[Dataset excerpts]

------------

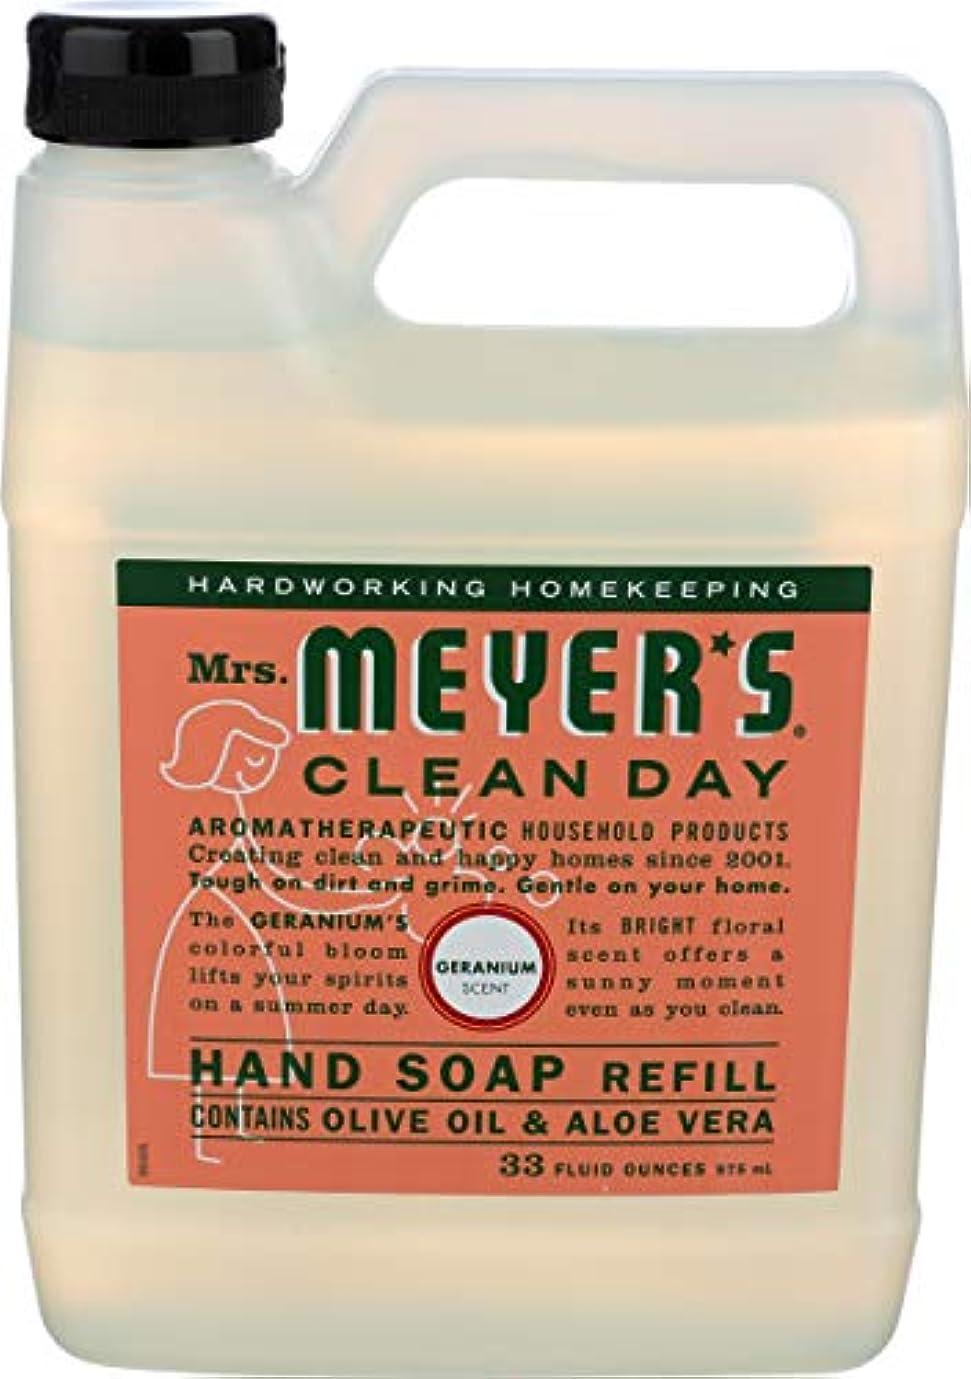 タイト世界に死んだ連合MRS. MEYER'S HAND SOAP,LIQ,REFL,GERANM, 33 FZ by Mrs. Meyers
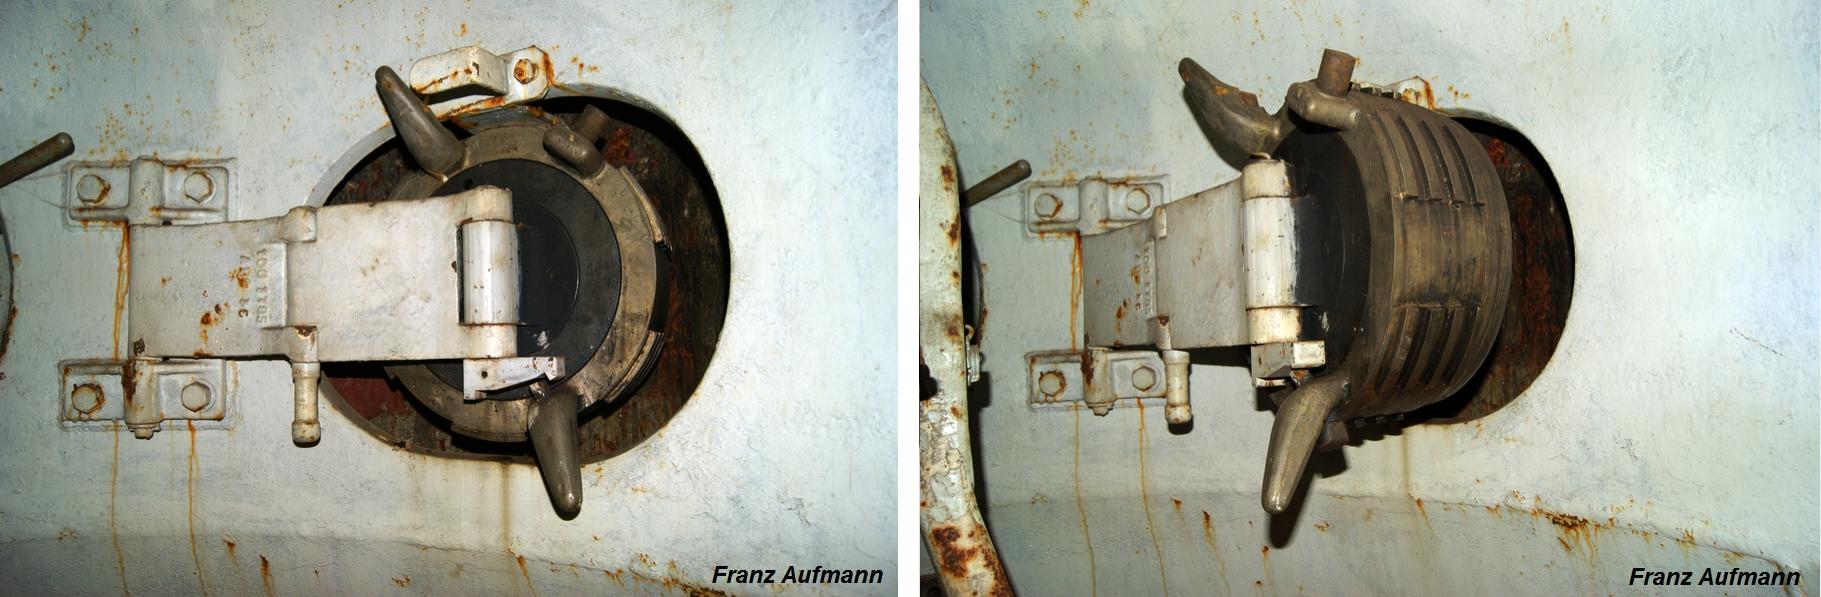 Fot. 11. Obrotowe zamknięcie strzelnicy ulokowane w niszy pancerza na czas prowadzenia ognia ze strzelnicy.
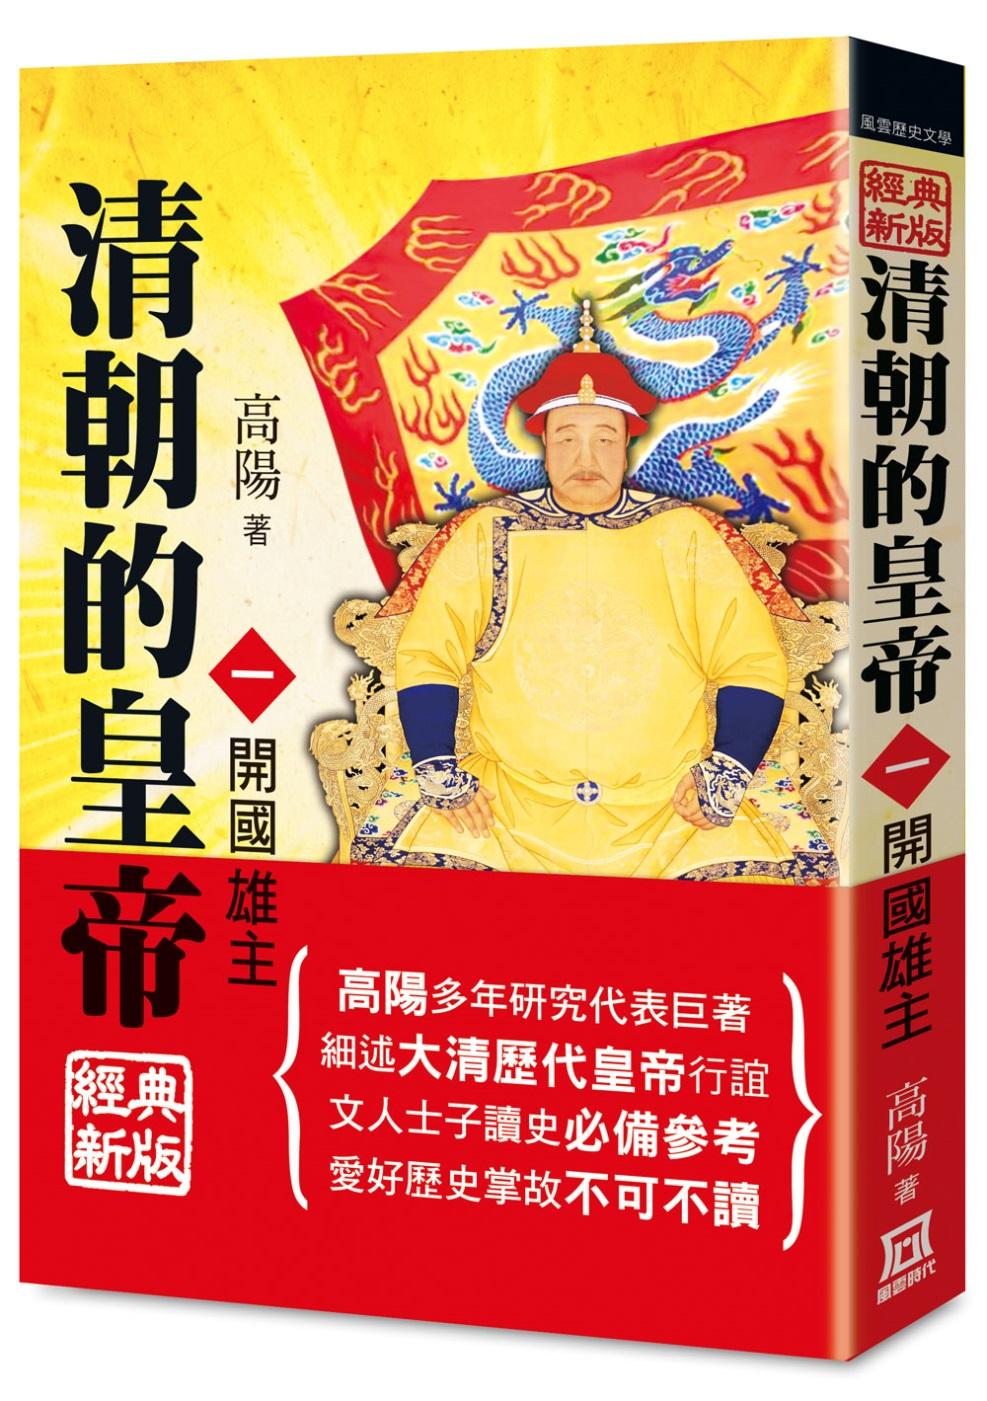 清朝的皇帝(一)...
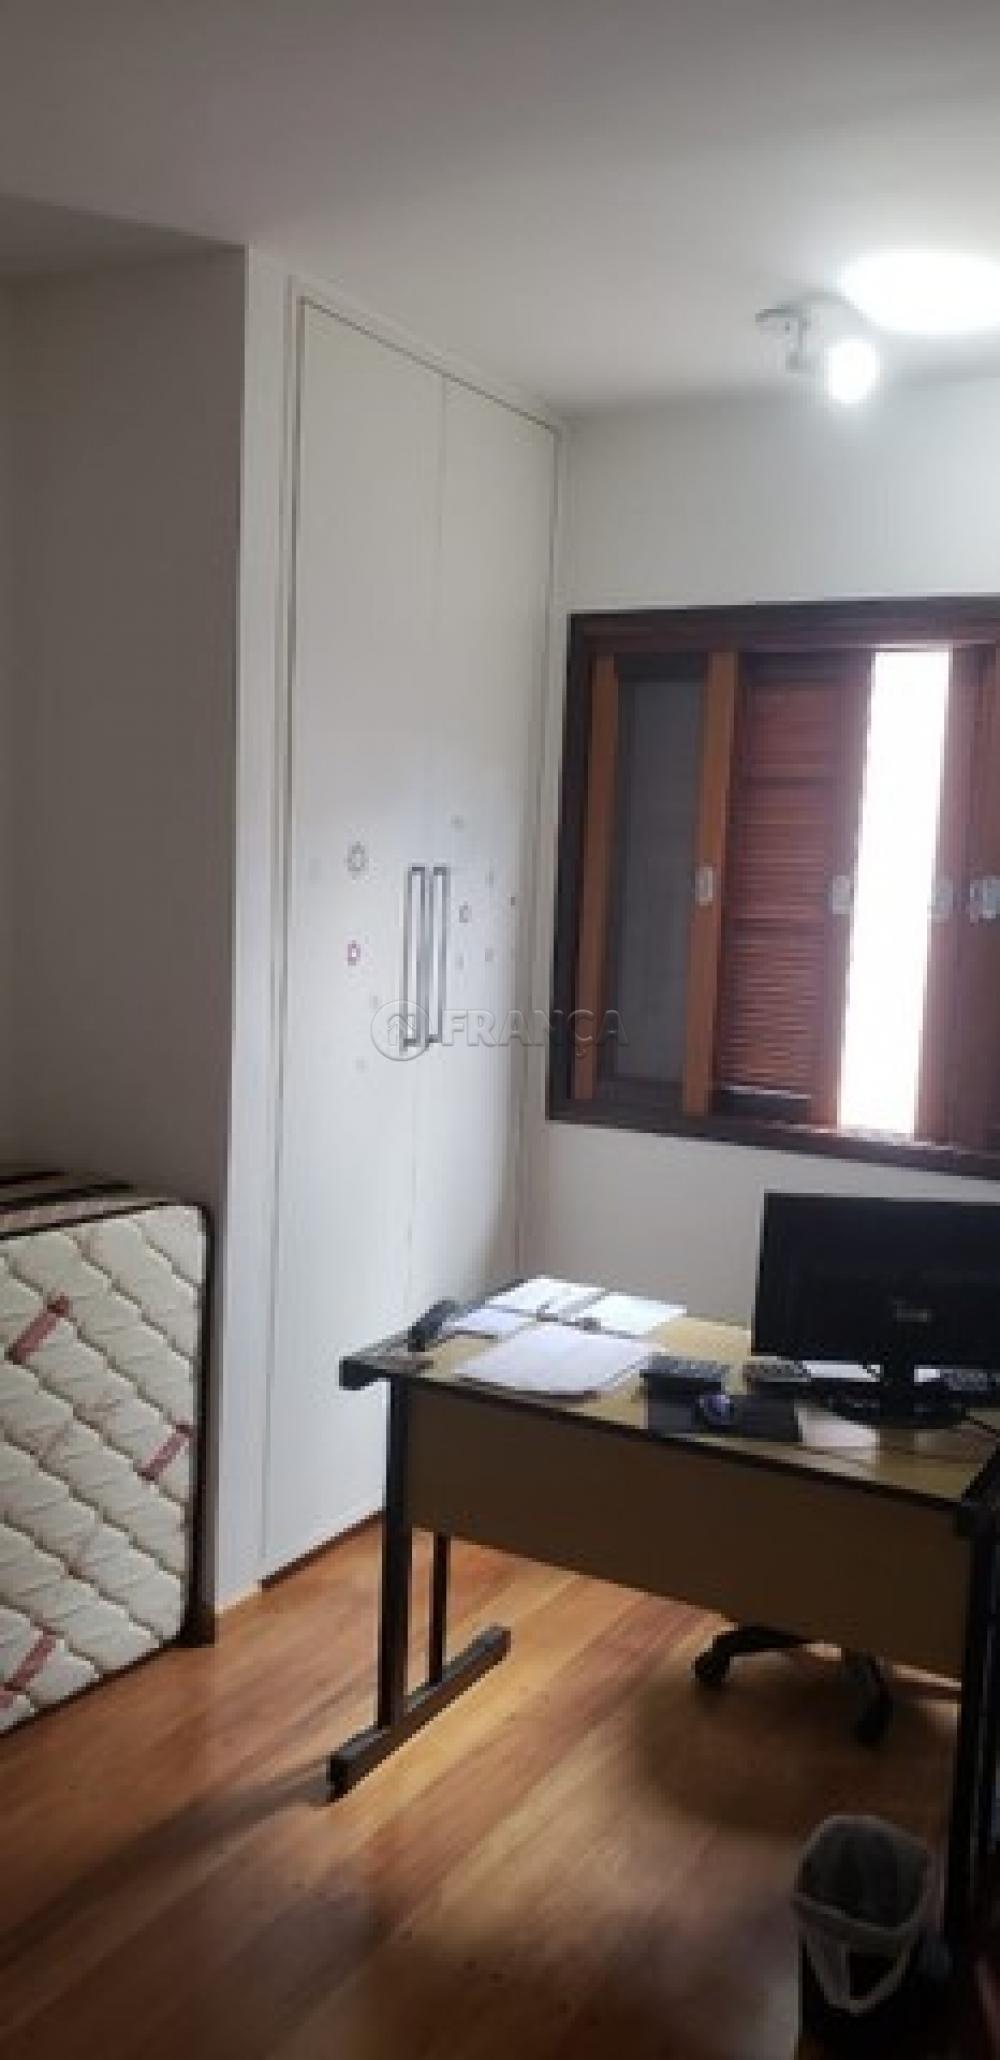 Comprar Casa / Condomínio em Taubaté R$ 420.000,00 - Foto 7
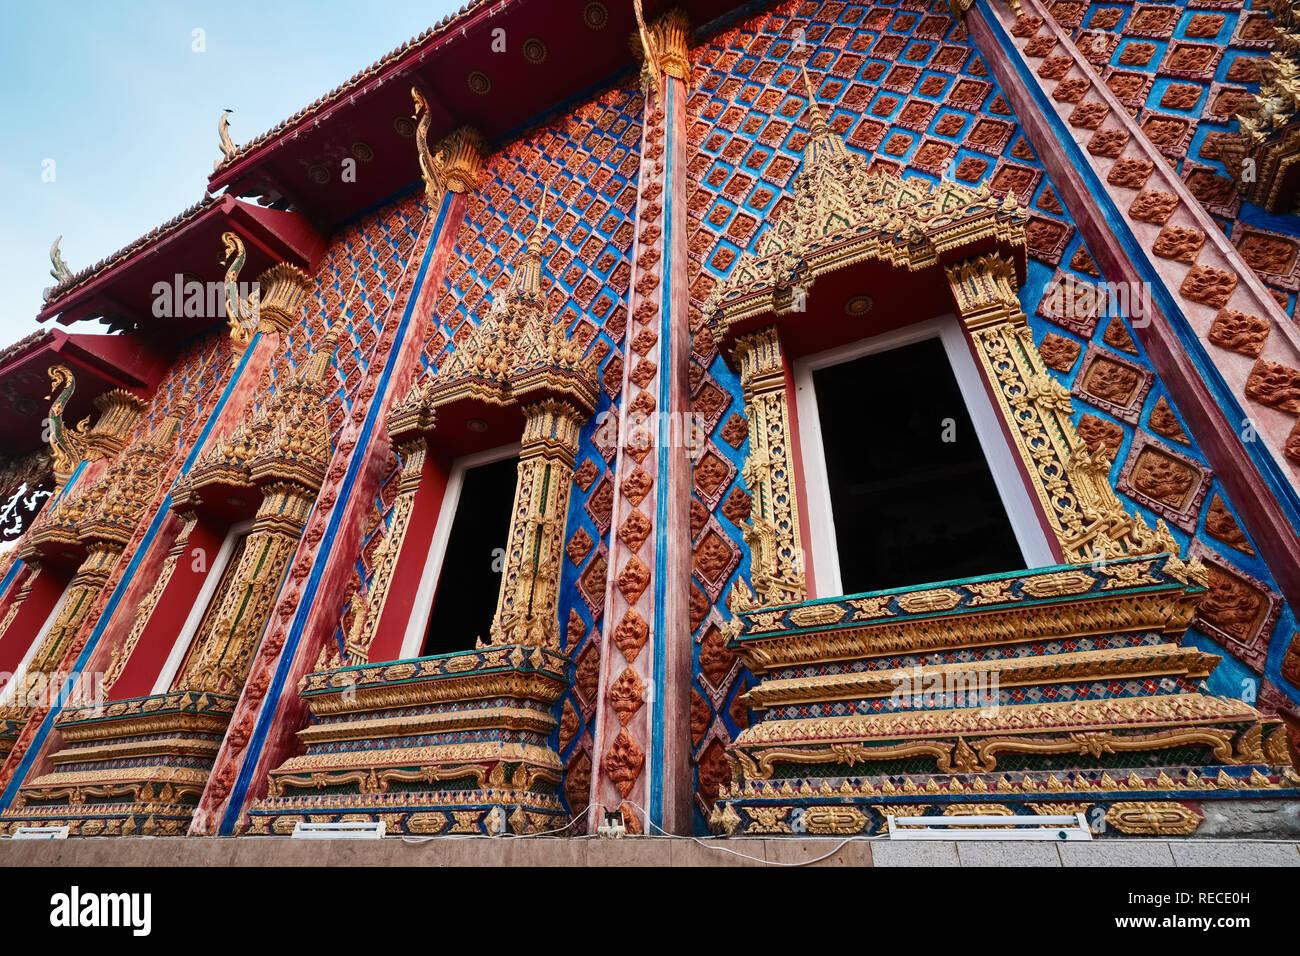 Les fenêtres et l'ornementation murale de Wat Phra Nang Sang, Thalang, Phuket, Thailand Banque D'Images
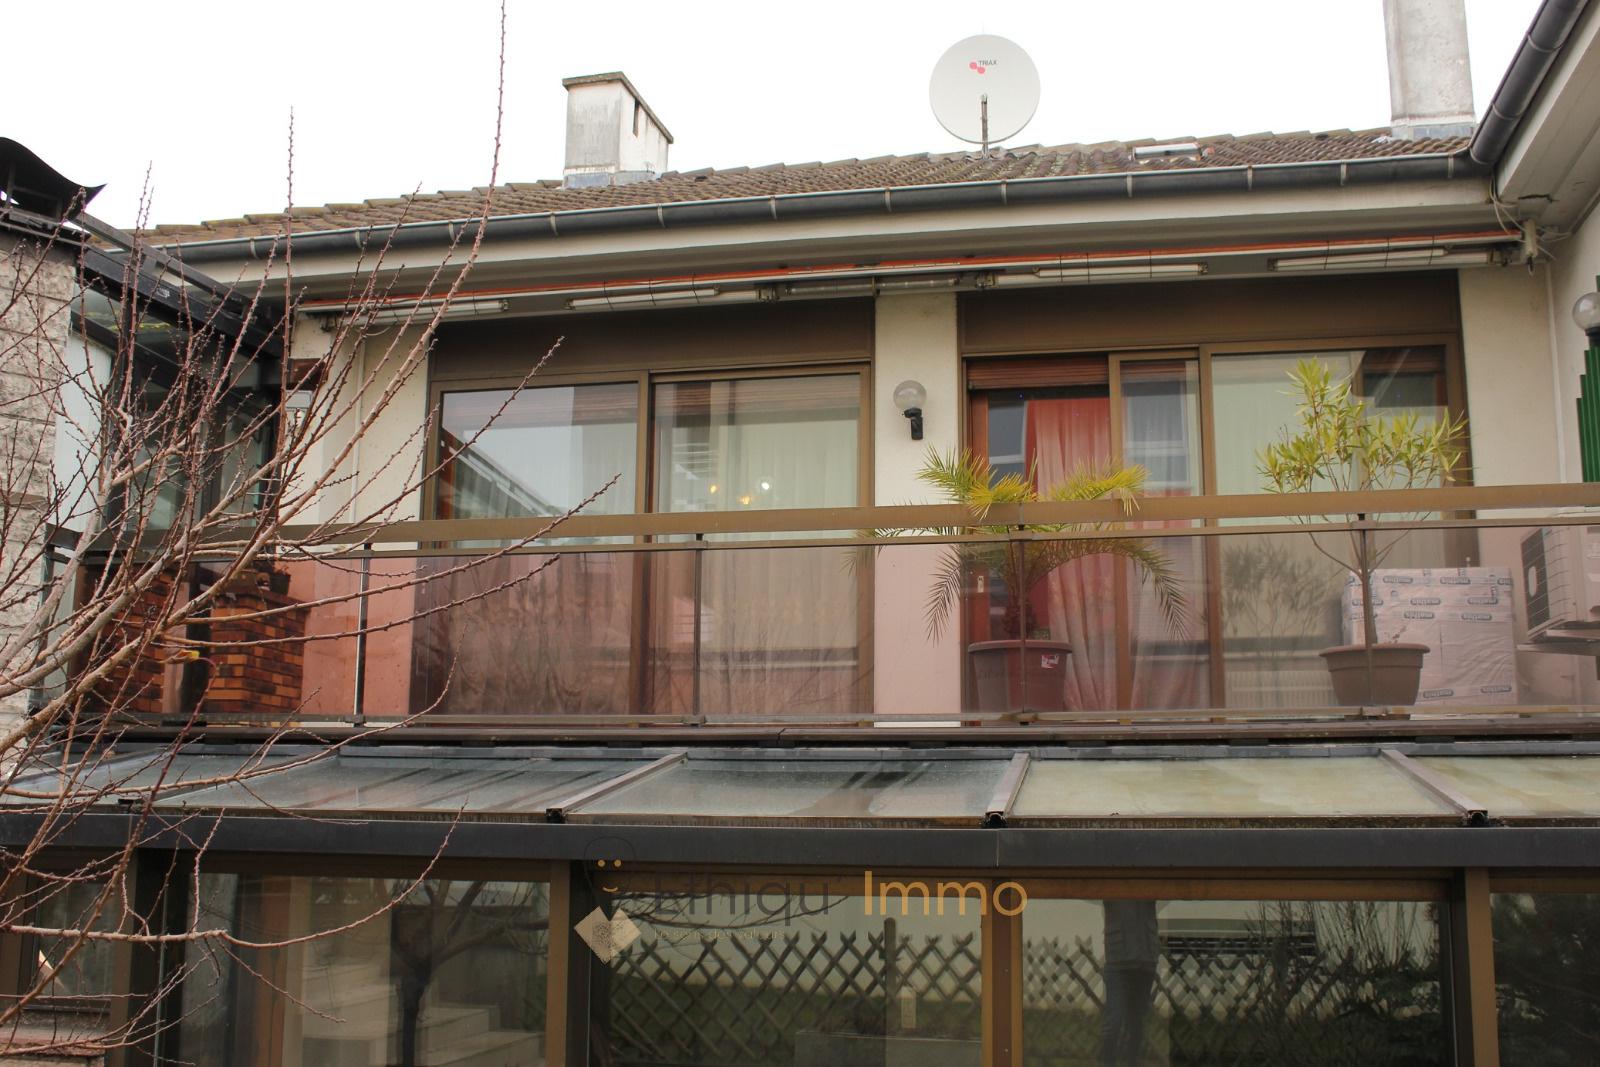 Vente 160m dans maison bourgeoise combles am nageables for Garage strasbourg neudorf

------------

**Goal of the exercise:**
Starting with the line containing "Les fenêtres et" and ending with the last line of the records above, write out each line exactly; no pictures.

**Result below:**
 Les fenêtres et l'ornementation murale de Wat Phra Nang Sang, Thalang, Phuket, Thailand Banque D'Images
 Vente 160m dans maison bourgeoise combles am nageables for Garage strasbourg neudorf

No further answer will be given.